In der Konzertreihe mit jungen Künstlern, die von der ECHO-Vereinigung der Konzerthallen mit großen Erwartungen im Hinblick auf ihren künstlerischen Stand und die Entwicklung nominiert werden, trat das Simply Quartet auf. Uwe Krusch war für Pizzicato dabei.
Die jungen Musiker haben vor gut zehn Jahren das Ensemble gebildet und tatsächlich schon eine beeindruckende Reife erreicht. Mit der Kombination aus einer österreichischen Geigerin, Antonia Rankersberger, dem norwegischen Cellisten Ivan Valentin Hollup Roald und zwei Musikern aus China boten sie schon aus dieser Mischung heraus inspirierende Ansätze, die auch im Konzert eine Rolle spielten.
Das geschah zum einen schon äußerlich erkennbar mit dem neuen Werk un:fold der österreichischen Komponistin Julia Lacherstorfer. Aber vermutlich führt diese kulturelle Mischung schon vorab bei der Erarbeitung von Interpretationen zu einem Austausch, der manchen Blickwinkel öffnet, den andere so nicht haben mögen.
Das 19. Quartett von Mozart, mit dem Beinamen Dissonanzenquartett, stand am Anfang des Programms. Und es zeigte sofort, dass diese Vier ein intensives Miteinander zu Musik fügen können, ohne dass die nonverbale Kommunikation besonders ausgeprägt wäre. Gerade Primarius Danfeng Shen pflegte die Asiaten gerne nachgesagte maskenhafte Mimik bzw. keine erkennbare. Sein Landmann Xiang Lyu an der Bratsche war relativ dazu mit seiner deutlichen Mimik der Klassenclown. Wobei man dies eigentlich nur als intensiv, nicht negativ verstehen sollte.

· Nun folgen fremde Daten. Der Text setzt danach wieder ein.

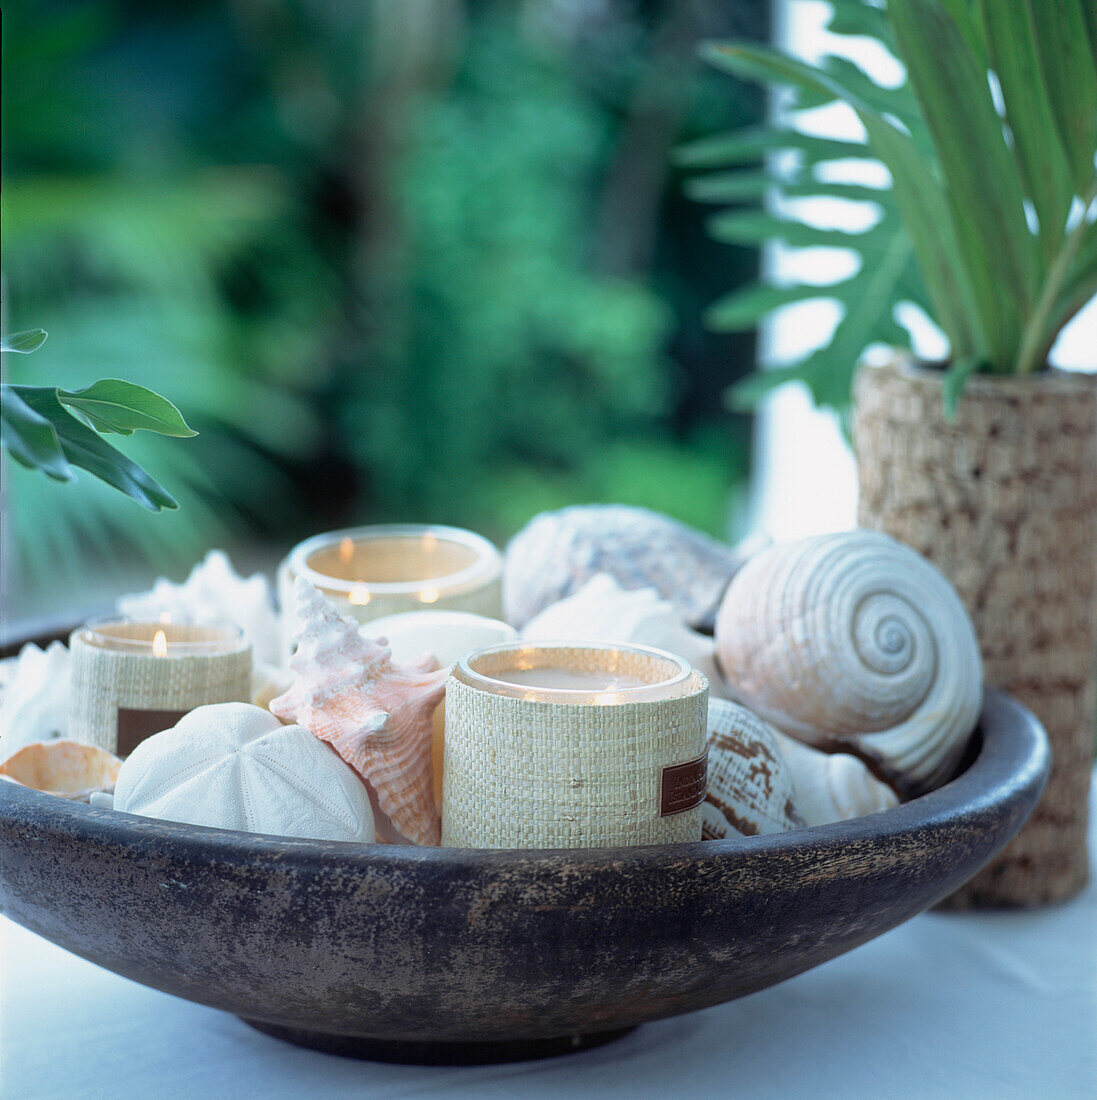 Scented candles lit and twinkling in a wooden bowl full of seashells on a table top

Ihre Darbietungen lebten einerseits von der frisch intensiven Herangehensweise der Jugend, aber auch genauso von einer fein durchwobenen Gestaltung, die eine qualitätsvolle und gestaltende Probenarbeit vermuten ließ. Wenn man denn an ihrem Mozartbild etwas aussetzen wollte, dann eben, dass man es auch noch feingliedriger hätte hören mögen. Dagegen könnte man dann einwenden, dass das Feuer der Jugend einem arrivierten Antritt vorzuziehen war.
Auch bei der Zugabe, dem Scherzo aus dem zweiten Quartett op. 44 von Felix Mendelssohn-Bartholdy wäre ein wenig mehr Sommernachtstraum-Sensitivität denkbar gewesen. Immerhin ist der Satz über weite Strecken im Piano komponiert. Aber diese Feststellungen sind graduelle Anmerkungen zu einem äußerst gelungenen Abend.
Beim letzten Quartett von Antonin Dvorak führten die vier Musiker ihre Stimmen dann wieder so zusammen, dass sie eine Gemeinsamkeit formulierten, aus der immer nur die führende Stimme gerade so herausgehoben wurde, dass man sie mühelos erkennen konnte, sie aber nicht abgehoben wie die über dem Feld schwebende Lerche artikulierte. Sehr überzeugend gelang ihnen auch die überzeugende Grenzwanderung, die Musik mit der Prise volksmusikalischem Charme, aber nicht übertreibend volkstümlich anbiedernd zu lesen.
Das dazwischen eingefügte Werk un:fold von Julia Larcherstorfer war dann ihr Beitrag an moderner Musik, den jeder Künstler dieser Reihe mitbringt. Dazu hatte die Komponistin eng mit den Musikern zusammengearbeitet und so ihre unterschiedlichen kulturellen Hintergründe einbeziehen können. Entstanden ist ein Werk, dass für die Zuhörer wenig fordernd im Sinne moderner Töne ist, aber stattdessen einen grazilen Charme und Witz entfaltete. Das Stück hat aber aus meiner Sicht aber auch den ganz großen Nachteil, dass es genau wegen dieser maßgeschneiderten Zubereitung gewissermaßen eine Eintagsfliege ist. Denn die Musiker stellten sich, neben dem Spiel ihrer Instrumente, auch verbal vor. Neben einigen Worten zur Herkunft und Anekdoten aus der Kindheit wiesen sie jeweils auf ein Volkslied ihrer Heimat hin, dass dann gespielt wurde. Das funktioniert dann nur beim Simply Quartet und auch nur solange, bis es ggf. eine Umbesetzung gibt.
Die leider noch zu wenigen Zuhörer konnten ein Konzert mit bester Streichquartettkultur genießen, das auch ein Repertoire ein wenig abseits der Routine bot, kein Haydn, kein Beethoven, kein Schubert etwa. Die hohen Erwartungen der Nominierenden an das Ensemble wurden zumindest vorerst bestätigt. Das bleibt hoffentlich keine Eintagsfliege.